• Work instructions: The listing below is to be duplicated exactly, with every picture omitted.

• Dataset section:
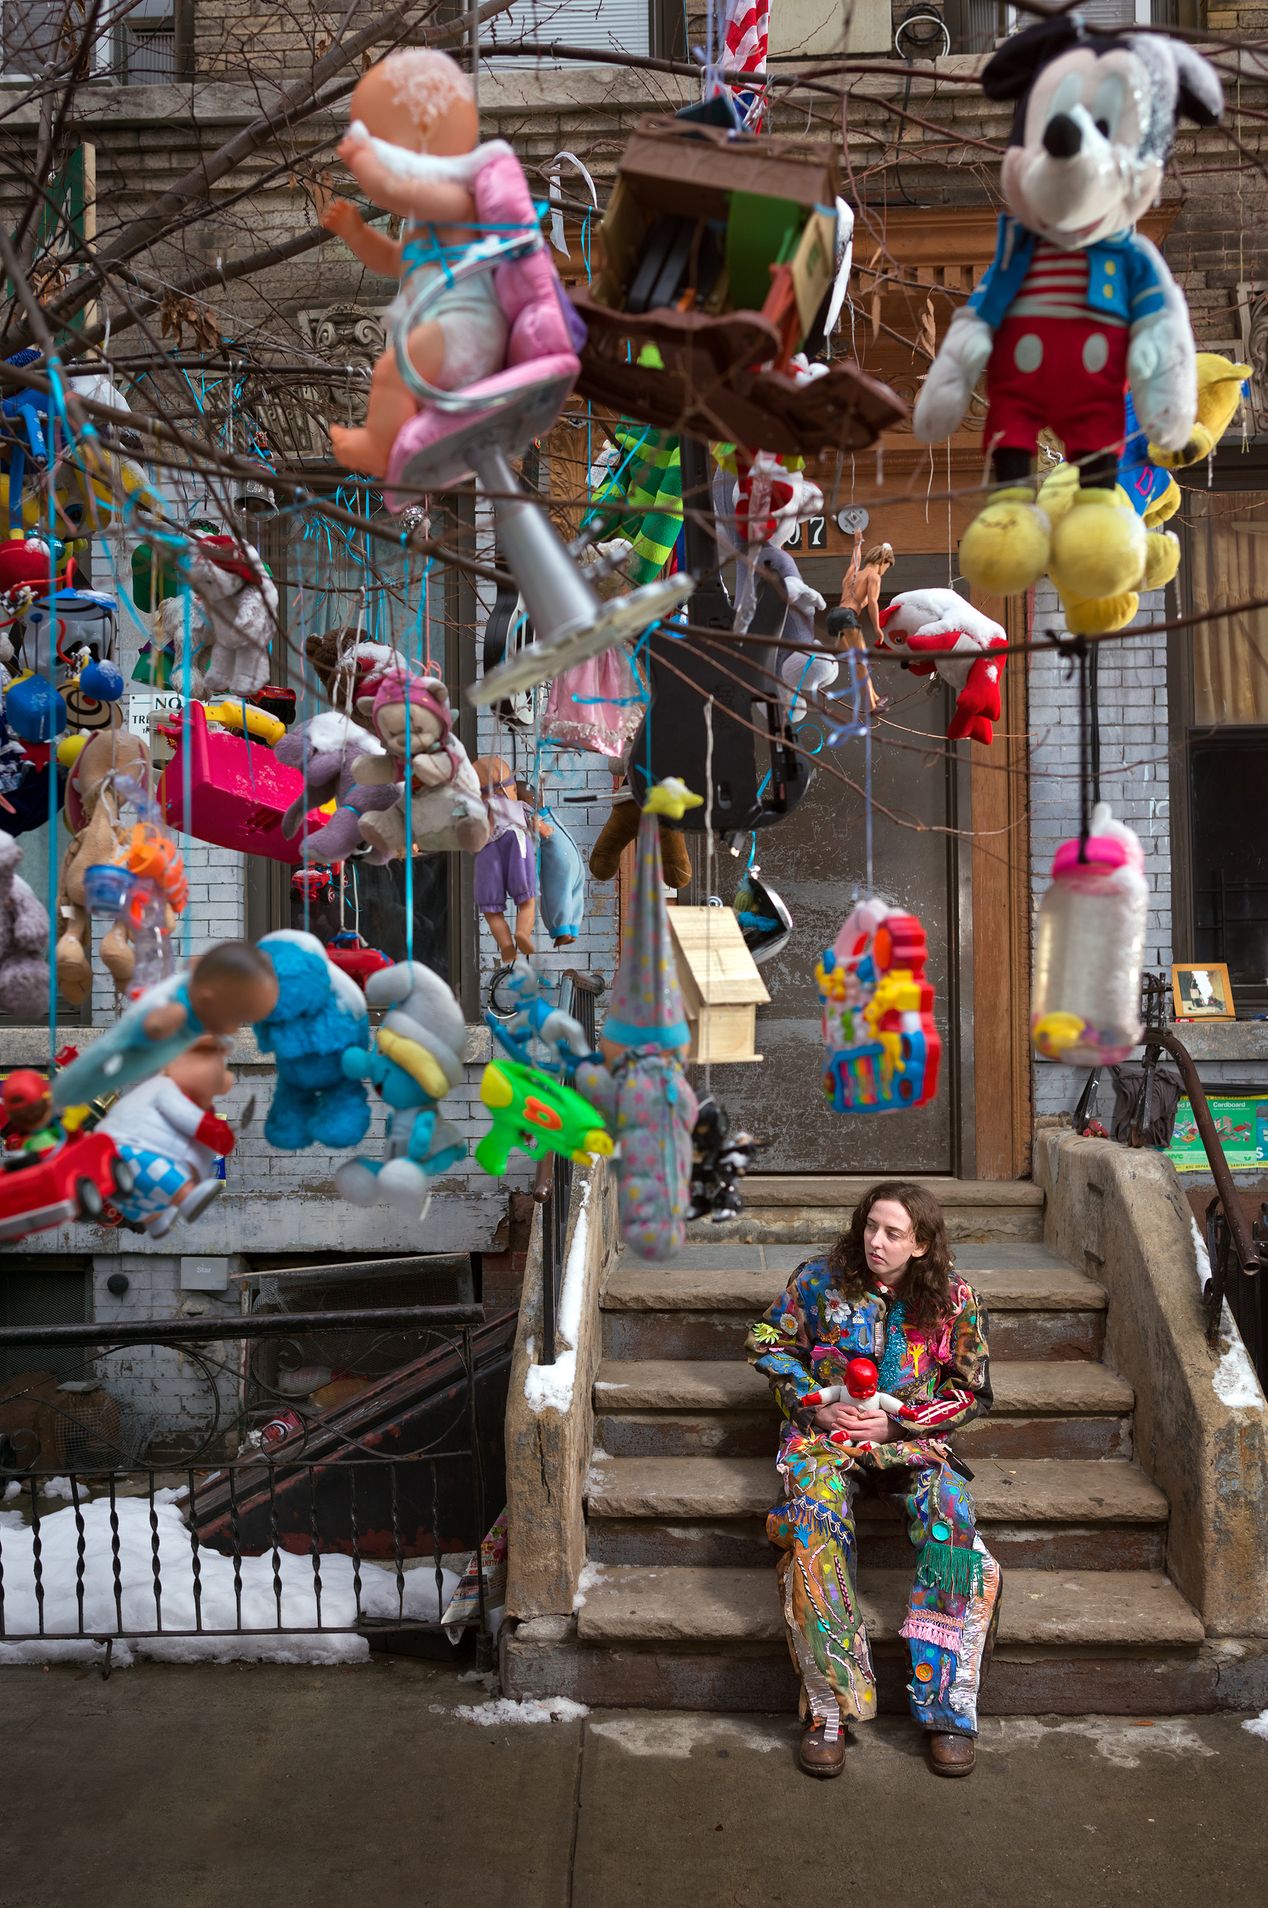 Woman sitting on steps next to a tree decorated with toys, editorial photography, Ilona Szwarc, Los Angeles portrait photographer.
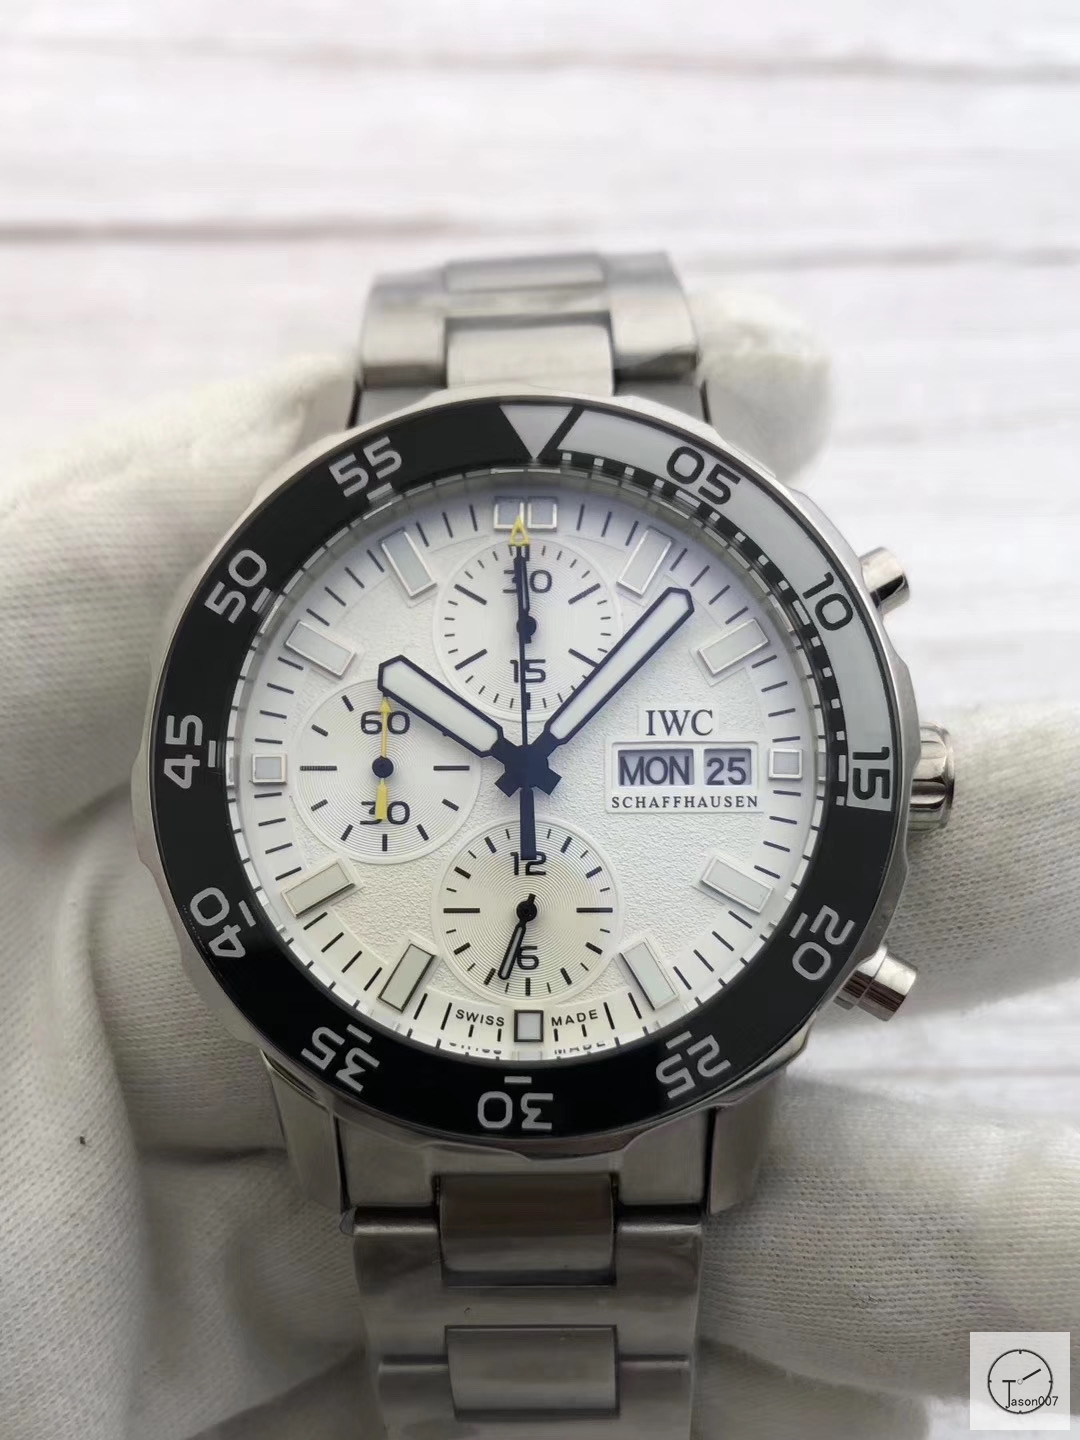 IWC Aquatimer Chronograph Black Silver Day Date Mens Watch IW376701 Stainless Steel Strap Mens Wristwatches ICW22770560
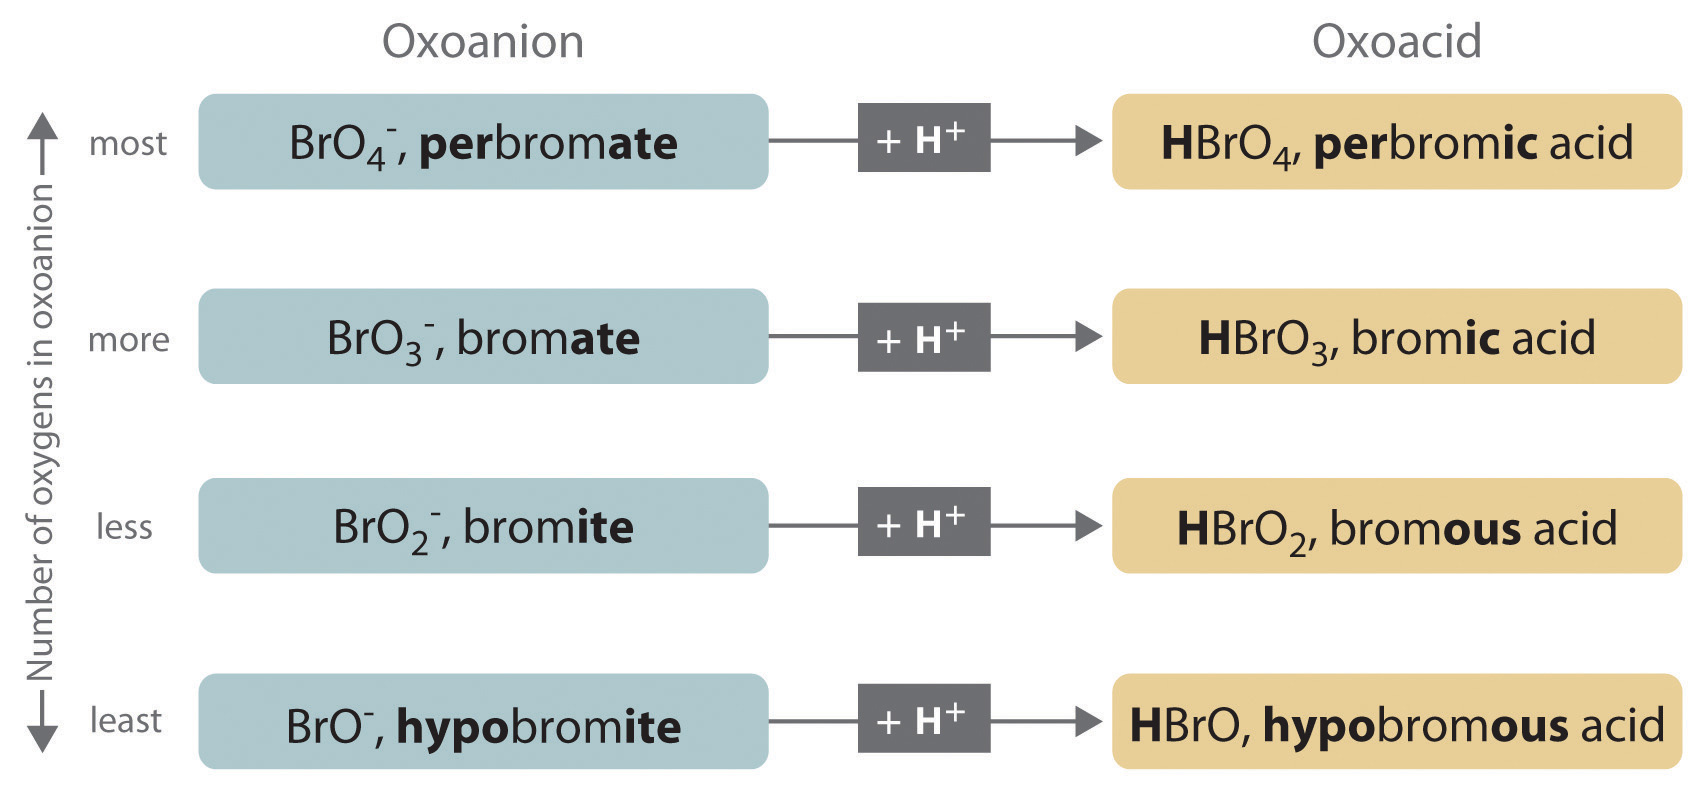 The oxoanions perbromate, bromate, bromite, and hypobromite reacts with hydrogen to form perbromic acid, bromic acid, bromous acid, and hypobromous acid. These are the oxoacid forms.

• Output for this task:
 Woman sitting on steps next to a tree decorated with toys, editorial photography, Ilona Szwarc, Los Angeles portrait photographer.
 IWC Aquatimer Chronograph Black Silver Day Date Mens Watch IW376701 Stainless Steel Strap Mens Wristwatches ICW22770560
 The oxoanions perbromate, bromate, bromite, and hypobromite reacts with hydrogen to form perbromic acid, bromic acid, bromous acid, and hypobromous acid. These are the oxoacid forms.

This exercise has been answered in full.